Salts

Type of physical science: Chemistry

Field of study: Chemical compounds

Ionic salts are polar-bonded combinations of charged atoms that are found extensively throughout nature, in living organisms, the oceans, the earth's crust, and interstellar space. Such salts often are the products of acid-base chemical reactions.

Overview

A salt is a substance that is produced from the ionic bonding between cations and anions. A cation is a positively charged atom or molecule; an anion is a negatively charged atom or molecule. There are hundreds of different combinations of cations and anions that produce salts. These substances are found throughout the world and prove to be very useful for many human activities and technologies. They are particulate and granular in structure. They interact with other substances in a variety of ways, depending upon their inherent physical and chemical properties.

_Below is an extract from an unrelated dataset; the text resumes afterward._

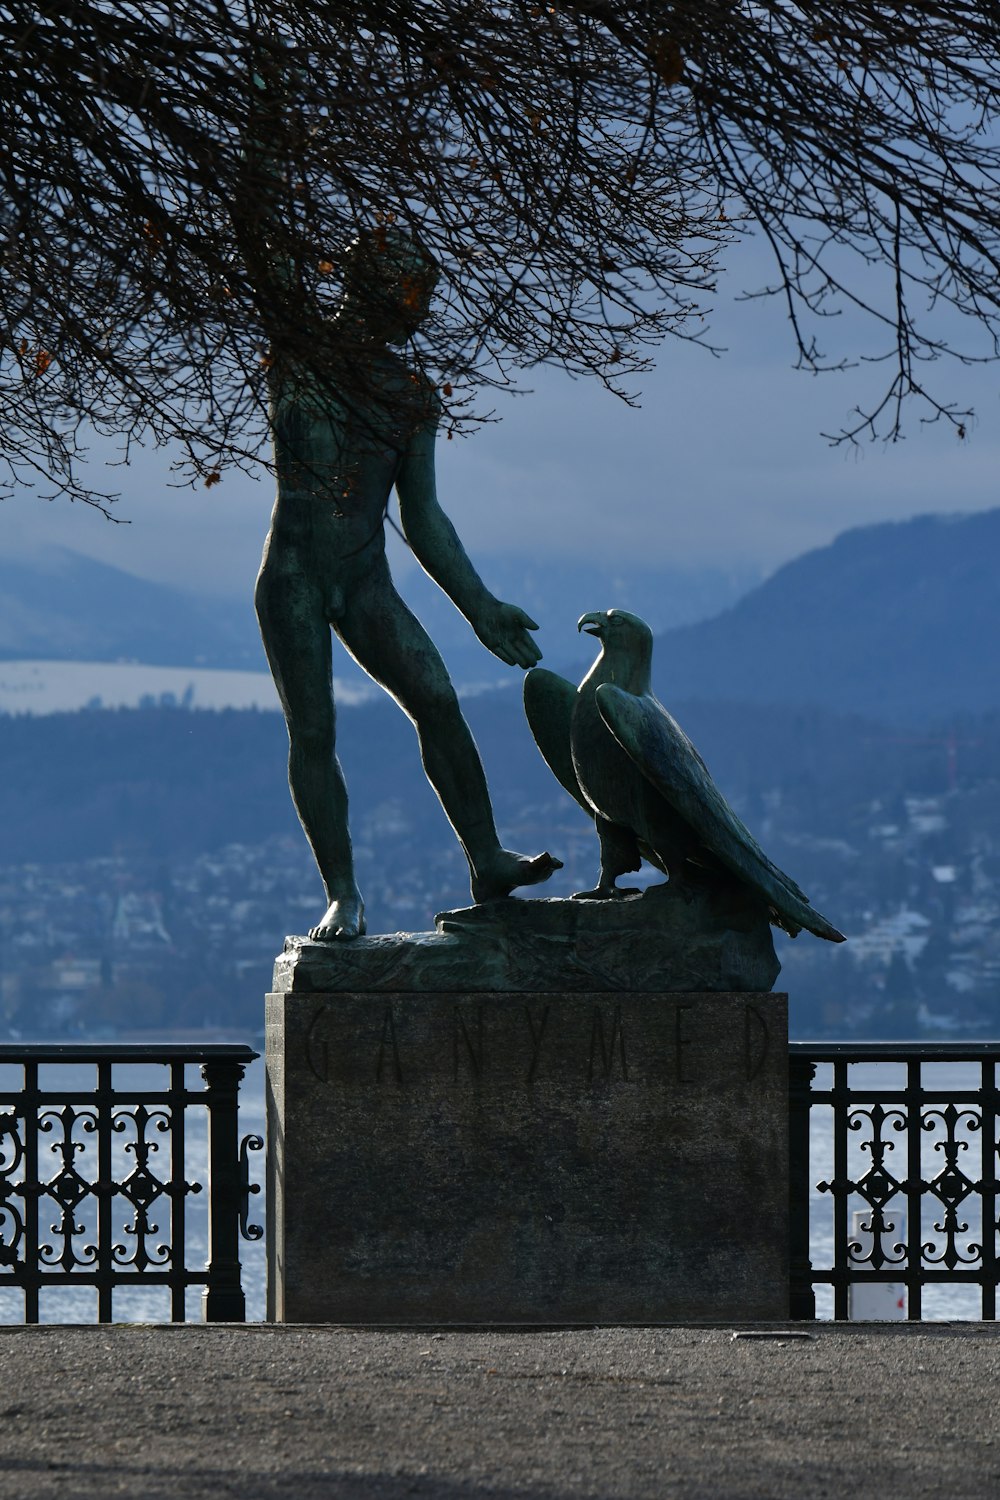 Eine Statue eines Mannes mit einem Vogel an der Hand

On the atomic level, the behaviors of cations and anions in forming salts are readily evident from the distribution of cationic and anionic atoms across the periodic table of the elements. The periodic table, first developed by the Russian chemist Dmitri Ivanovich Mendeleev in 1870, is an arrangement of the known naturally occurring and artificially produced elements. The elements are divided into eighteen vertical columns, called groups, and seven horizontal rows, called periods. All elements within a group have extremely similar physical and chemical properties (for example, melting point, boiling point, density, and chemical reactivity). The horizontal periods represent increasing energy level arrangements of electrons per atom of higher elements. The entire periodic table also is arranged from left to right and from top to bottom in order of increasing elemental atomic numbers, or increasing size and number of electrons per atom.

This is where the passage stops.